Dynamical Link of Peat Fires in South Sumatra and the Climate Modes in the Indo-Pacific Region

https://doi.org/10.22146/ijg.35667

Raden Putra(1*), Deni Okta Lestari(2), Edy Sutriyono(3), Sabaruddin Sabaruddin(4), Iskhaq Iskandar(5)

(1) Graduate School of Environmental Science, University of Sriwijaya
(2) Faculty of Mathematics and Natural Sciences, University of Sriwijaya
(3) Graduate School of Environmental Science, University of Sriwijaya
(4) Geology Study Program, Faculty of Engineering, University of Sriwijaya
(5) Faculty of Agriculture, University of Sriwijaya
(*) Corresponding Author

Abstract


Peat fire is one of the environmental disasters occurring widespread during the dry season in South Sumatra.

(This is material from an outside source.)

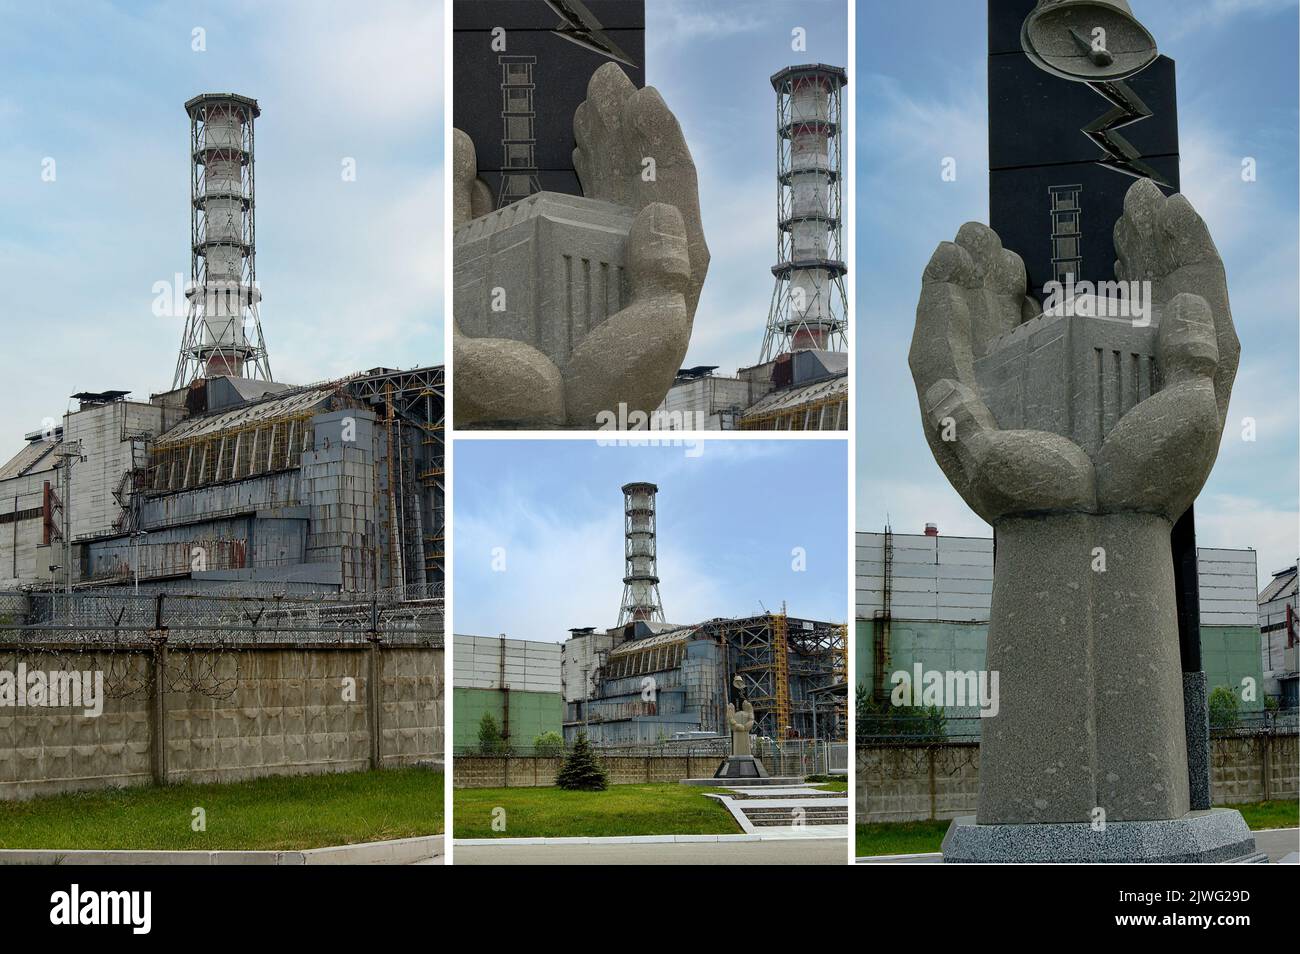 Die gruselige Stadt Pripyat (Ukrain), die für die Katastrophe von Tschernobyl bekannt ist, in ihrer Sperrzone, immer noch radioaktiv und gefährlich. (7) Stockfoto

The region has long been recognized to have extensive peatland, hence it is considered as the vulnerable areas to fire. This study employs spatial analysis to evaluate the likely linked factors causing peat fire in the study area. Two interannual climate modes such as the El Niño – Southern Oscillation and Indian Ocean Dipole were considered to have affected the area with respect to climate anomaly at the 1995-2016 periods. This phenomenon was followed by the peat fire in many areas. There appears a close linkage between the occurrence of peat fires and climate anomaly. A number of hotspots tend to occur annually during the drought season. A significant number of hotspots took place during the 2006 pIOD and 2015 El Niño events due to a significant decrease in rainfall intensities.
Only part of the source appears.